His handshake is soft and firm at the same time and unnaturally warm from holding the hot drinks. It heats my palm in a way that makes me realize I was chilly on the swing before he got here.
“You must be the famous Jeremiah,” I say when I remember that talking is something people typically do when they meet each other for the first time.
“You must be Luca’s dad,” he says.
I raise my free hand and turn my mouth into the best guilty-as-charged look I can muster. “Yep. That’s right. People who don’t call me Daddy, call me Ben.”
Wait. What?
Is it me, or did that sound dirty?
Because that’s not what I meant at all.
His head dips, forcing him to look at me through thick dark lashes. I can’t tell if his cheeks have pinkened from what I said or if he’s had too much sun.
“Ben Stirling,” I clarify, lowering my voice considerably and bobbing my head to assure him I’m a respectable member of society.

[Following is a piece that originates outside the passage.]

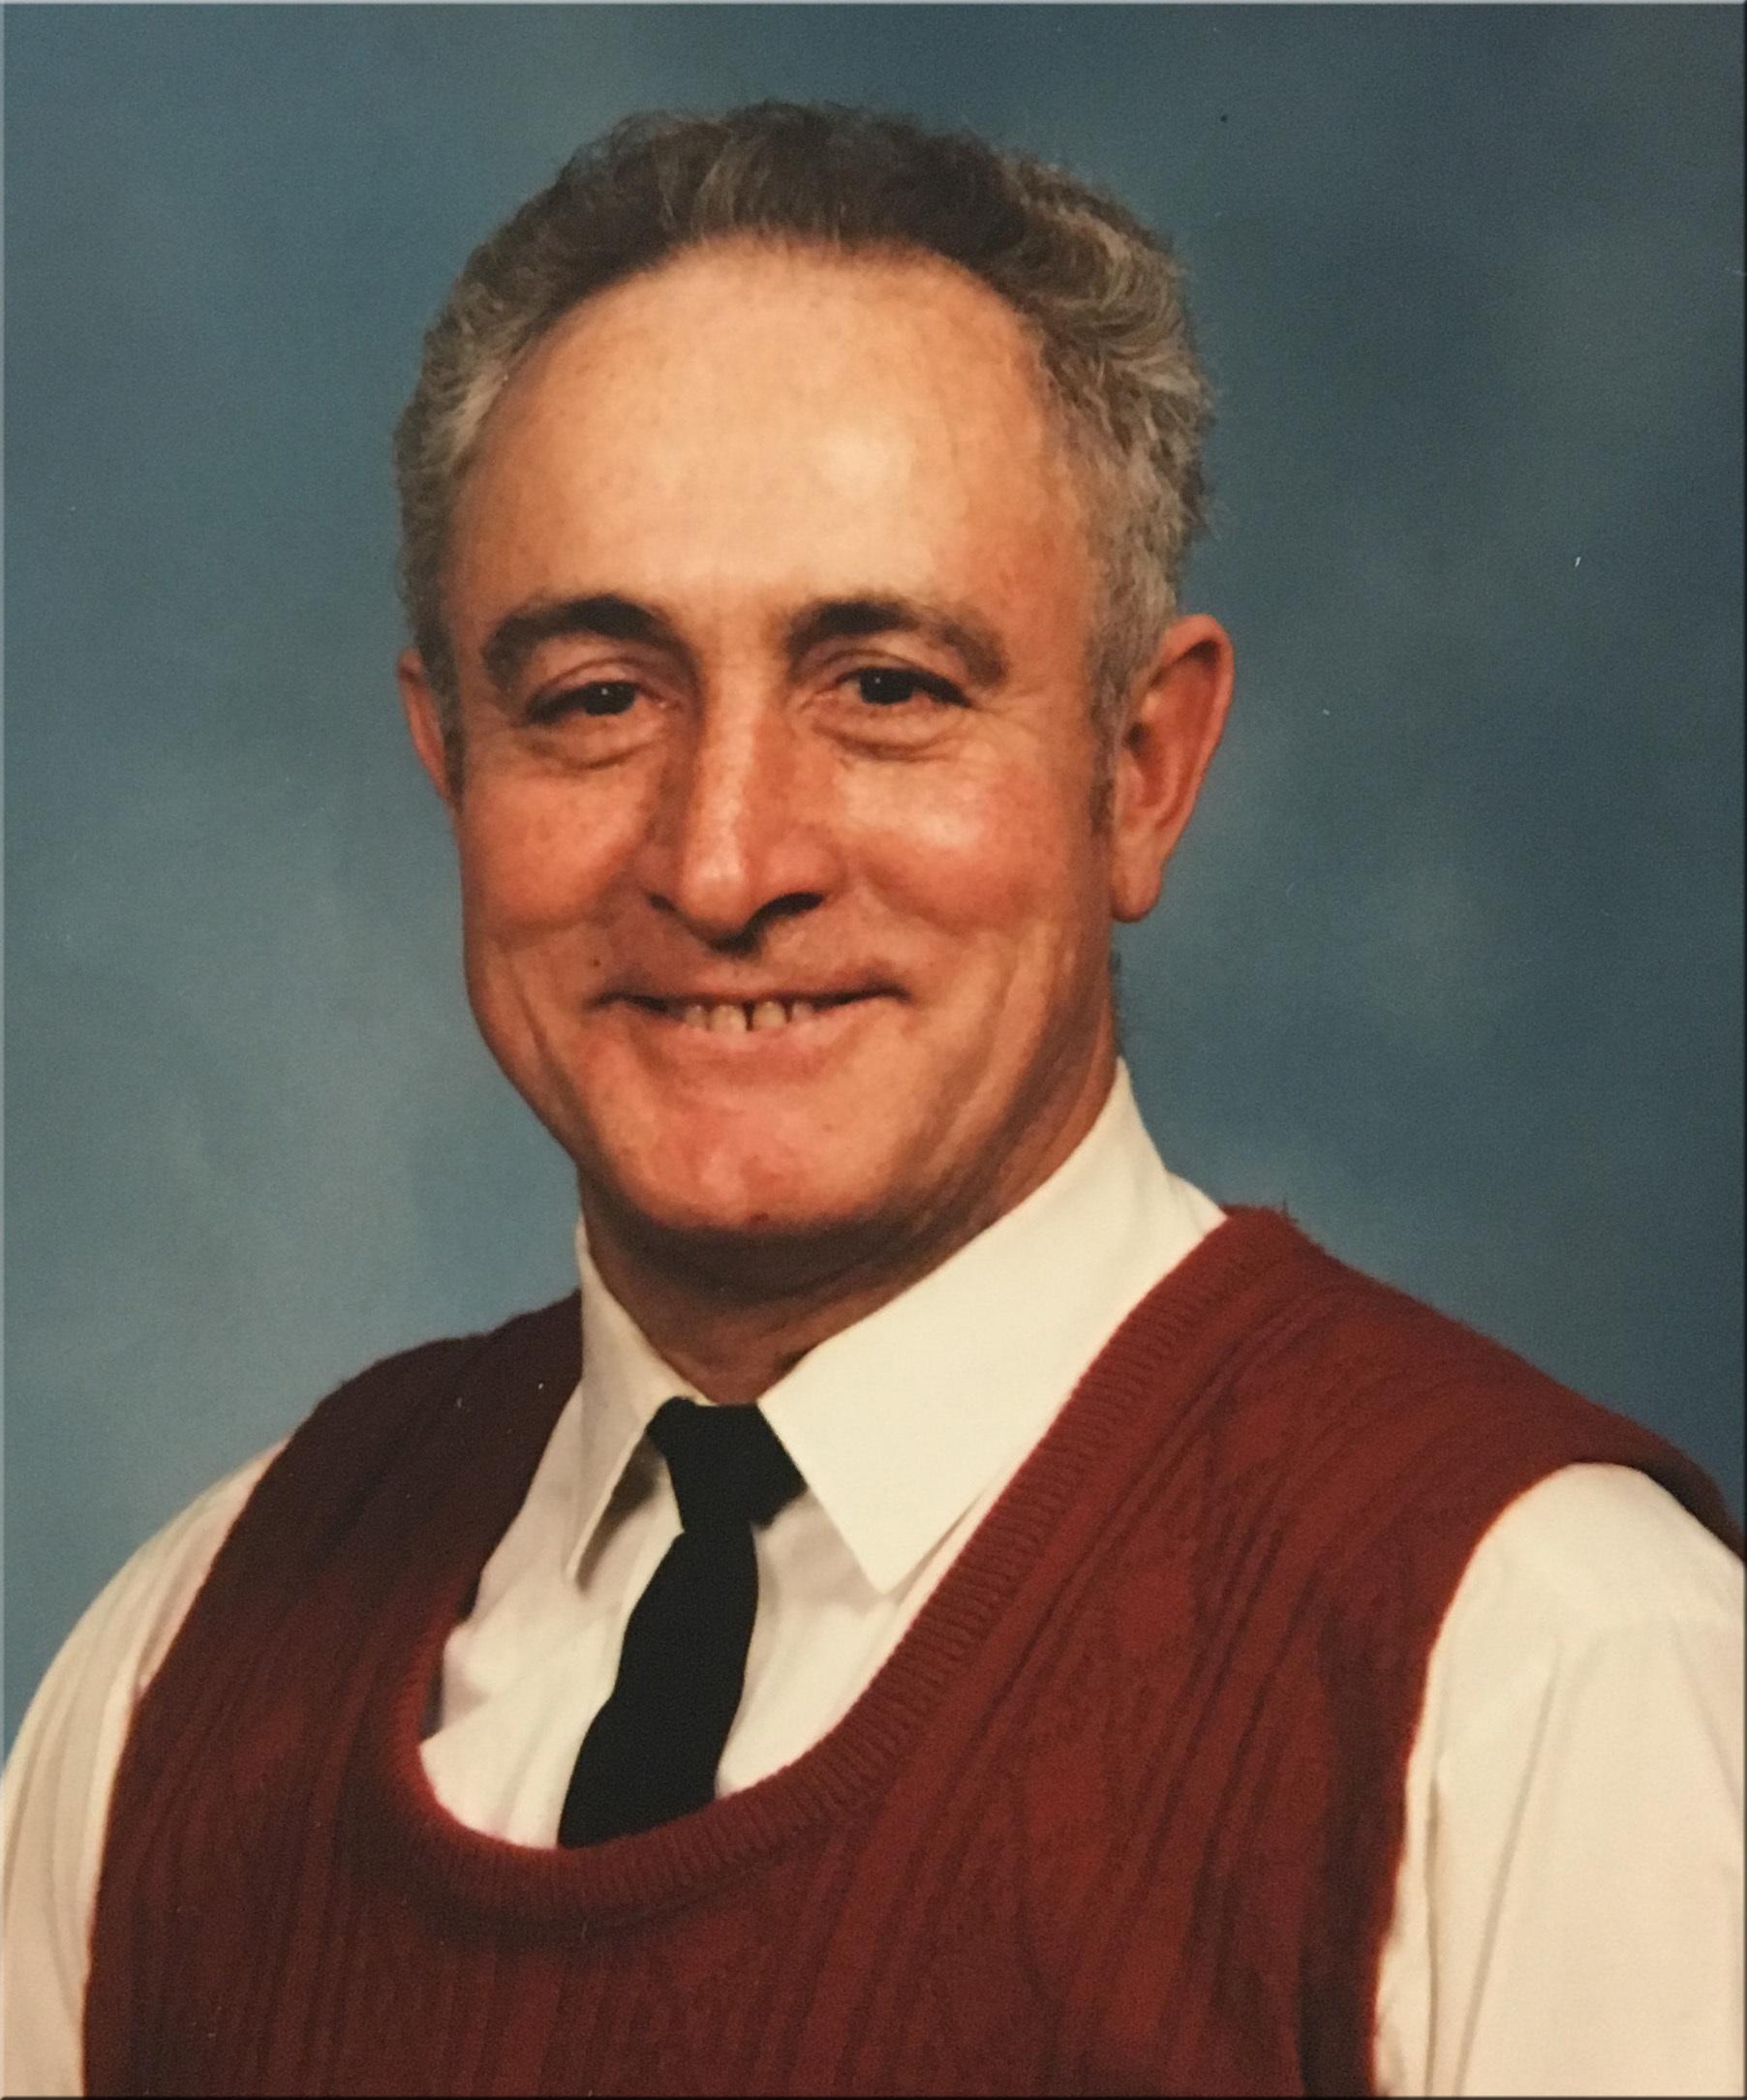 Harold L. Fleck

Without meaning to, I give him the usual once-over. The quick left-right that allows me to search his eyes for signs he recognizes me.
I don’t find any.
He has no idea who I am, and for once, I’m not sure if I like it or not. I used to hate being recognized, especially when I was somewhere I had a right to expect privacy. Somewhere like my own front yard. It made me uncomfortably aware of myself, what I was wearing, and what I was saying. It made me feel obvious and rude for taking up so much space.
It’s strange how losing something will make you miss it, even if you weren’t wild about it in the first place.
“I, uh, I wasn’t sure how you took your coffee,” he says. “So I made one with cream and sugar”—he gestures to the mug in my hand—“and one without.” He raises his mug as if he’s making a toast. “I can swap with you if you’d like. I don’t mind either way.”